I imagine some contracts would actually use language such as ‘doesn’t have to’ purposefully. Say the contract is for a stunt man in a movie, it may say, ‘the stunt man doesn’t have to risk injury if the conditions seem to be more hazardous than he expected.’ What the writers of the contract would be saying is that they don’t necessarily have a problem with the stunt man risking injury, but they want to make it clear that he can’t sue them if he does.

Hey man, I took legal writing, and I know about how contracts work, and how it’s so important to say things with great precision.

So when the 911 operator first told the guy not to follow, I think he shoulda not followed. You’re not gonna trap me in some loophole man.

There’s just no getting around the fact that the entire confrontation was a result of Zimmerman’s actions, and not of Martin’s.

Smears, you win, I have to admit that I’m wrong in all regards. You accomplished a monumental task in dissuading me. It must have been because you took each argument I made and addressed them clearly and specifically. I have nothing more to say to you on this subject lest you should make a fool of me again.

In fairness, that could be interpreted differently. The dispatcher said, “We don’t need you to do that,” not, “No, don’t follow him.”

I had something vaguely similar happen in September on my way home from work at 3:00a.m.

Dispatch: 911, Where’s your emergency?

Me: I don’t have one, suspected drunk driver on Interstate, (Number) he doesn’t have his lights on and he is all over the place.

Dispatch: What exit?

Me: How do you mean, most recent exit passed or next one coming up?

Dispatch: Next one.

Me: Okay, (Exit Number) shit, he is exiting! I’m going to pursue.

Dispatch: Do not pursue.

Me: Bullshit. We’ve had two people killed by drunk drivers just last month, I’m fucking pursuing. What’s the ETA of the nearest deputy?

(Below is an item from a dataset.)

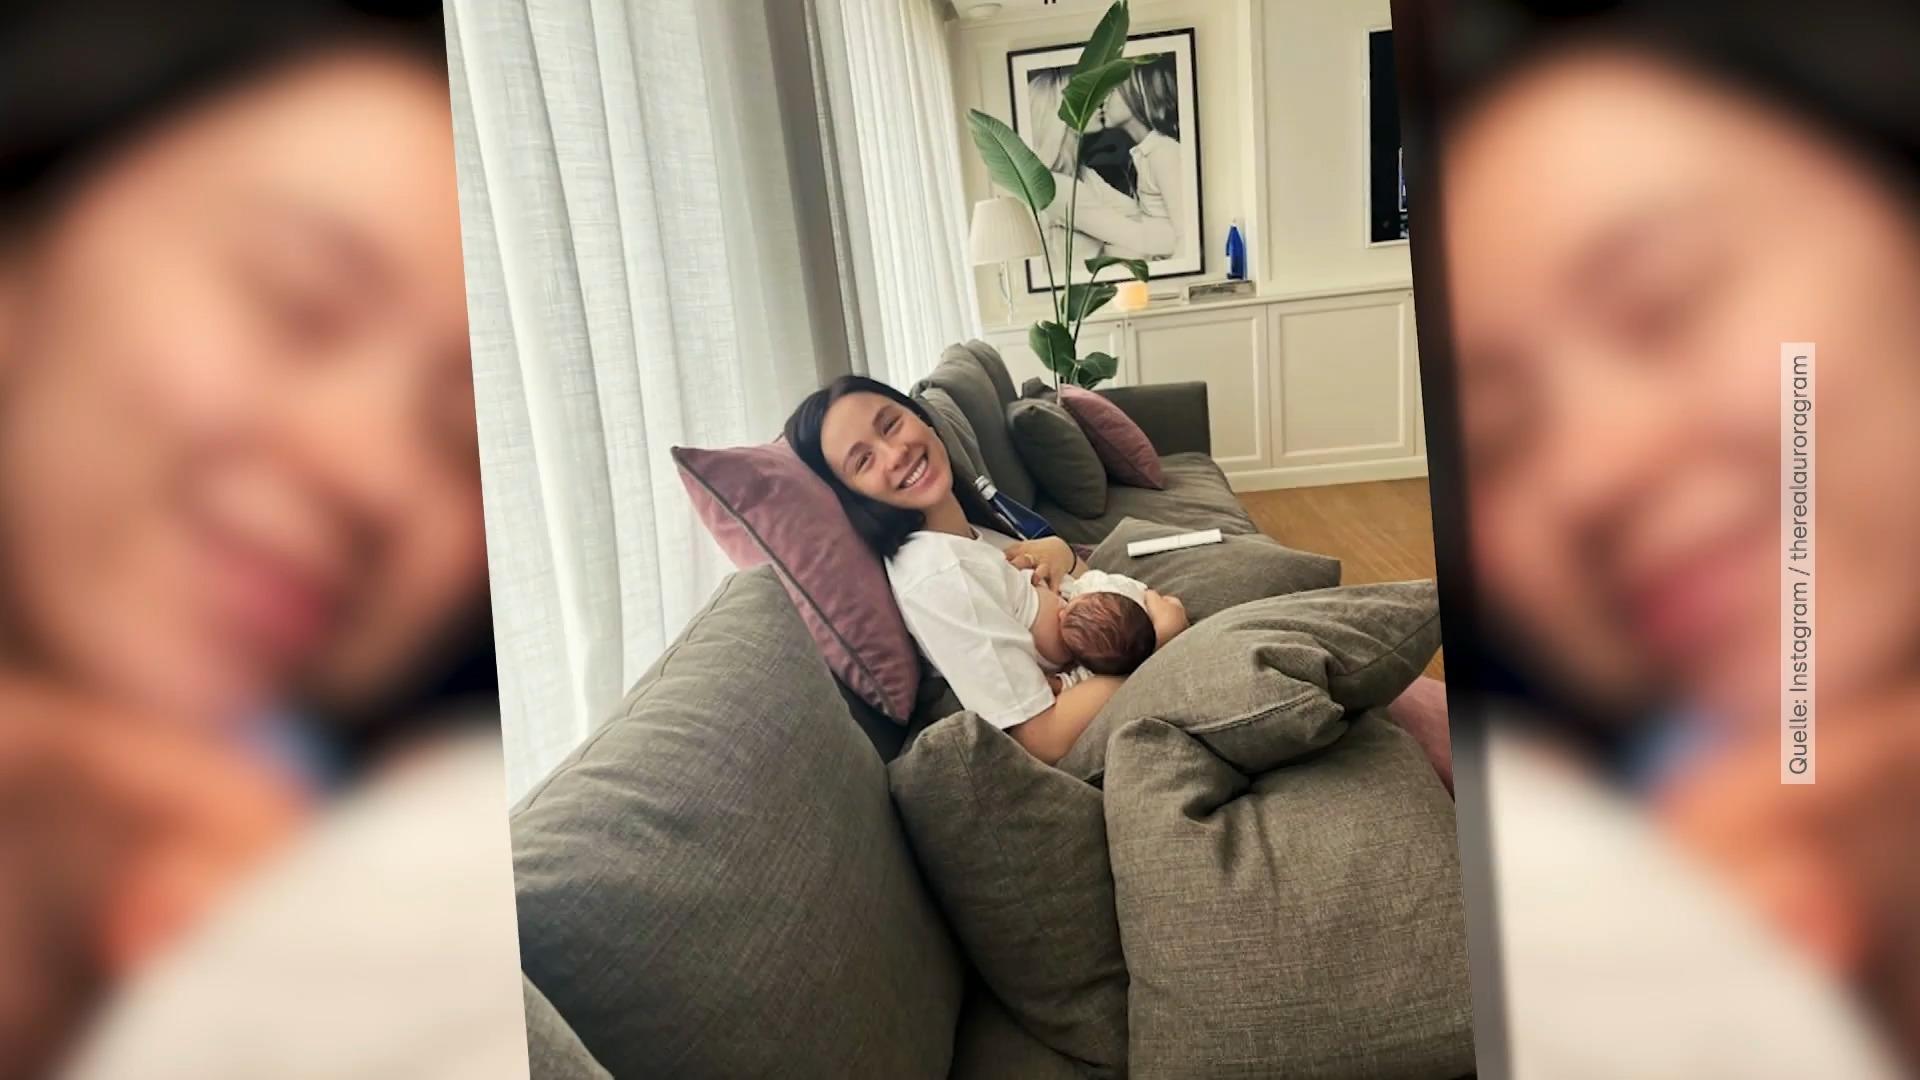 Aurora Ramazzotti teilt erste Fotos mit ihrem Sohn Zwei Wochen nach Geburt

Dispatch: Two minutes, do not pursue.

Me: What are the legal ramifications?

Dispatch: There aren’t any, but it could be dangerous.

Me: Being a goddamn pedestrian and getting hit by a drunk driver is dangerous, left onto East Main.

Dispatch: Okay. I guess I can’t stop you.

(The dispatcher remained on the line, but nothing further was said until I saw the cop pull up behind me, the guy made no other turns.)

Pavlovian, you are now one of my favorite people.